Alumni honored during Founders Day

By By Andrew Cone and By Andrew Cone

By Andrew Cone

Mario Capecchi, a recipient of the Nobel Prize in Physiology or Medicine, was honored along with four U alumni during the Founders Day dinner celebration Wednesday. Capecchi, who was awarded the Nobel Prize in October for his work in gene targeting, spoke about his research during the event at the Little America Hotel.

“You never go after a Nobel Prize,” said Capecchi, who was given an honorary alumnus title. “If you do, you’re a lost cause and you’ll never get there either. I think it’s something that’s simply an accolade in essence, a recognition of what you have achieved, not what you’ve gone after.”

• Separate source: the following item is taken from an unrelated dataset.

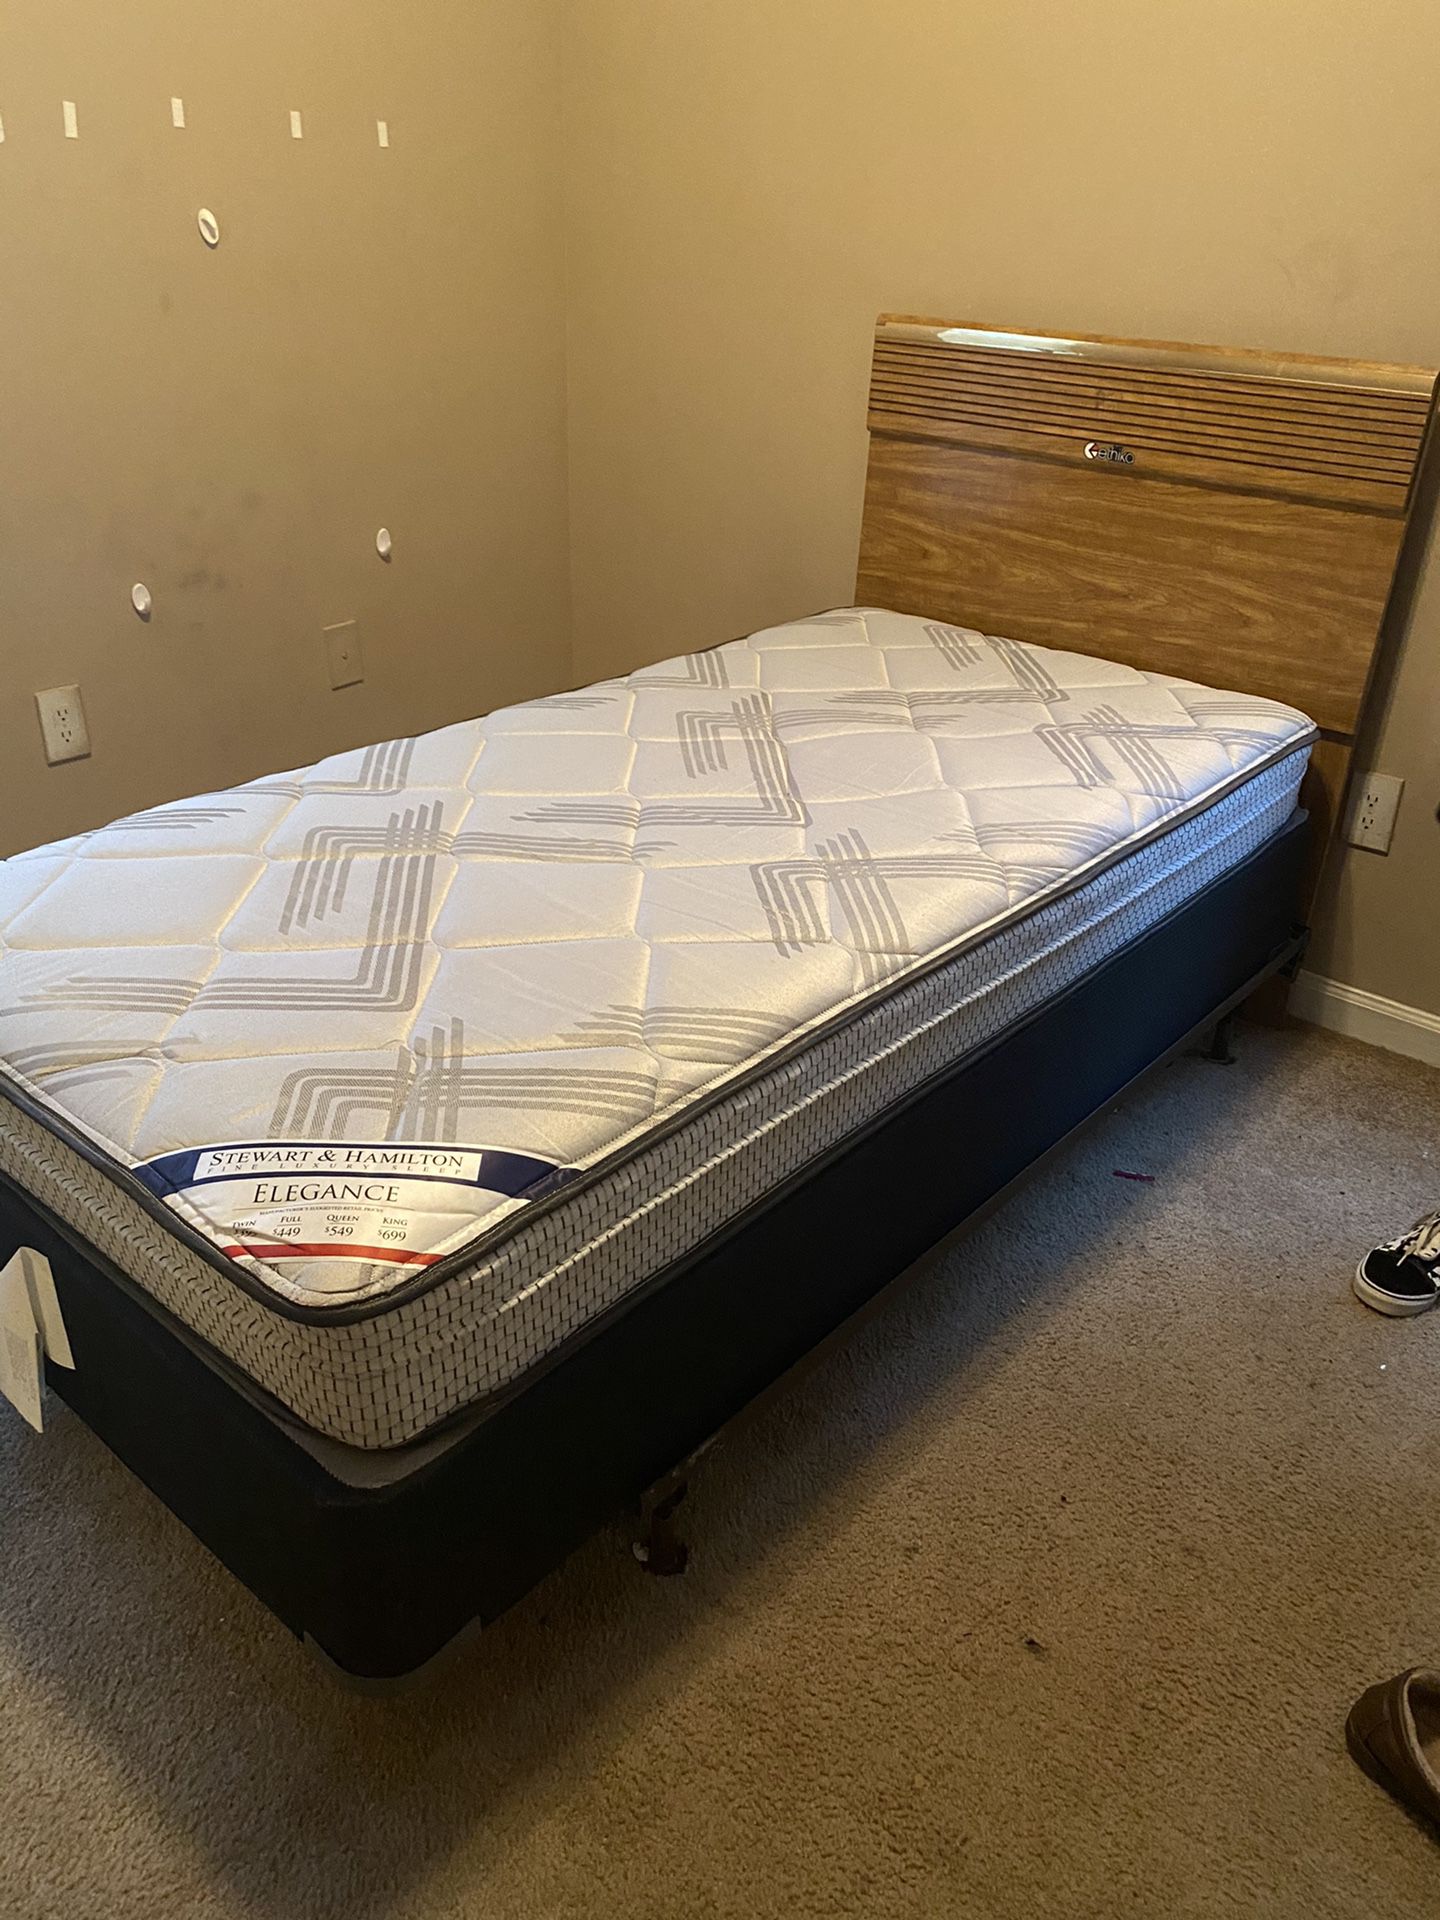 Twin bed for SALE! $350 comes with headboard and mattress and box spring.
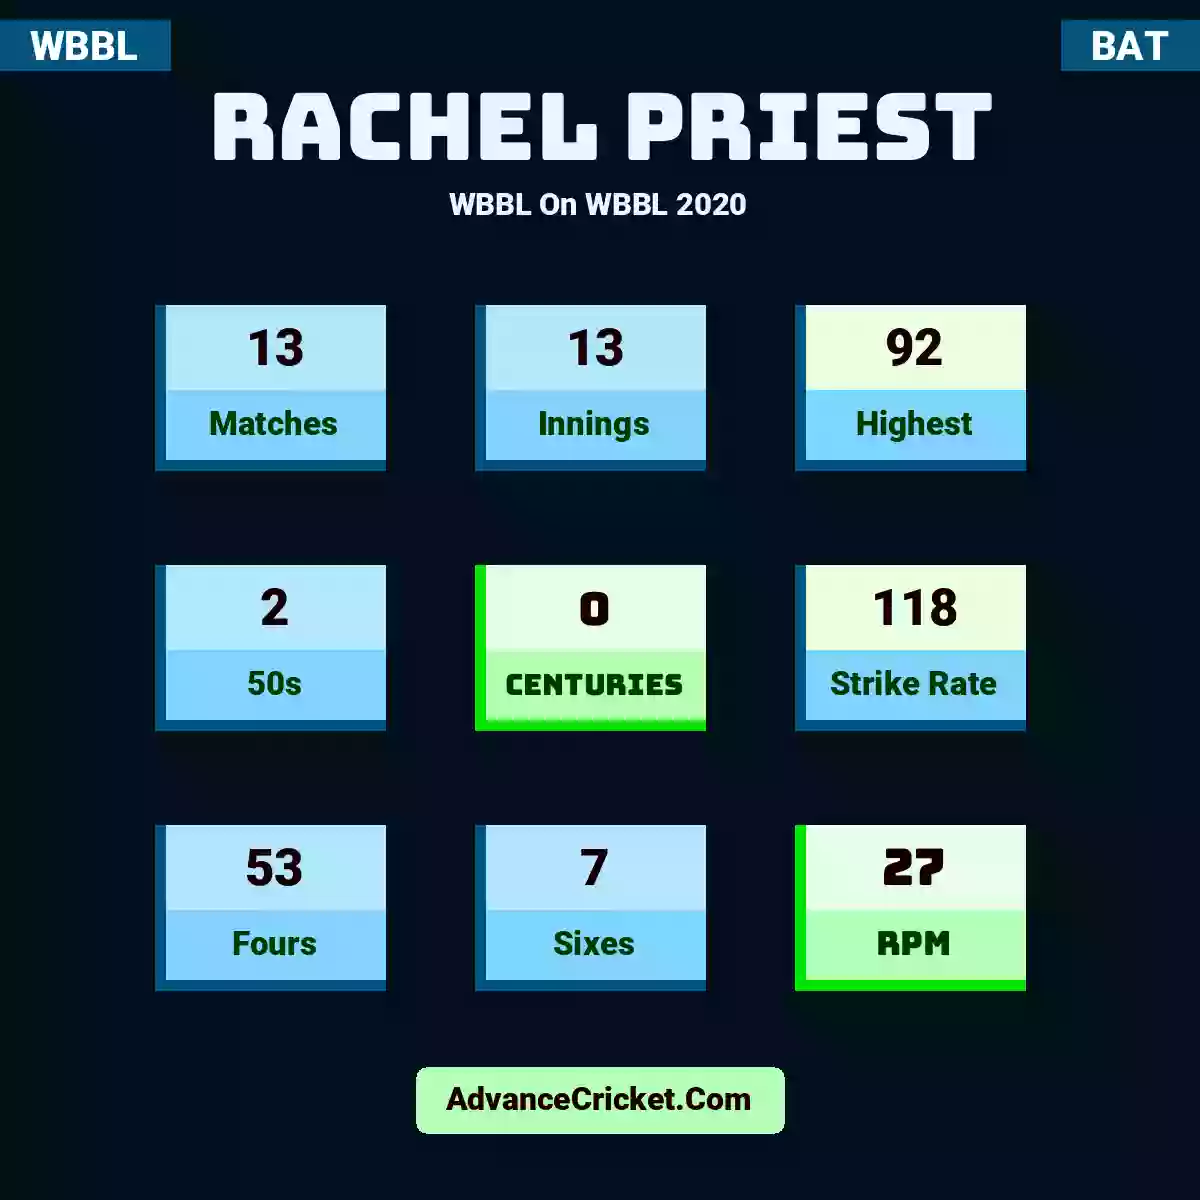 Rachel Priest WBBL  On WBBL 2020, Rachel Priest played 13 matches, scored 92 runs as highest, 2 half-centuries, and 0 centuries, with a strike rate of 118. R.Priest hit 53 fours and 7 sixes, with an RPM of 27.

Founders Day celebrates the day the U was founded in 1850 and has been an ongoing tradition since 1899, when the Utah State Legislature voted to relocate the campus to its current location on the East Bench.

The first of the four U alumni honored at the event was J. Brett Harvey, president and CEO of CONSOL Energy, the largest underground coal mining company in the country. Harvey, a fourth-generation miner from Utah, has led the fight for mine safety and has recently called on the coal industry to stop its incremental approach to mine safety and reduce its accident rates to zero at every mine in the nation.

The next honoree was David Grant, a professor of chemistry and a pioneer in the use of powerful magnetic devices and a process called nuclear magnetic resonance spectrometry. Grant is also a recipient of the U’s most prestigious award, the Rosenblatt Prize for Excellence.

Charlie Monfort, founding owner, chairman and CEO of the Colorado Rockies baseball team, was also an honored alumnus. Monfort serves on the board of directors for the Special Olympics The baseball team he oversees made it to the World Series for the first time in fall of 2007.

During the dinner celebration, U President Michael Young awarded the 2008-2009 full tuition Founders Day Scholarship to Lynette Avril, who is a doctoral candidate in the educational psychology program. Members of the U Alumni Association chose recipients for the Distinguished Alumni Award and the Founders Day Scholarship.

“She’s one of the very few students we’ve admitted without a master’s degree because her record was truly so superior,” Young said.

Avril got her bachelor’s degree from Westminster College and made the dean’s list all four years while working full time. Her thesis will focus on post-traumatic stress disorder, which her father suffered from before taking his life after being in and out of Veterans Affairs hospitals for more than 15 years. Now Avril has dedicated herself to helping veterans with the affliction.

“What’s wonderful about this evening is an opportunity for us to listen to some people and learn about some people who have taken their education as an opportunity and done truly remarkable things with us, things that make us proud, things that as a university make us realize that by the students that come out of our university we can make the world a better place,” Young said.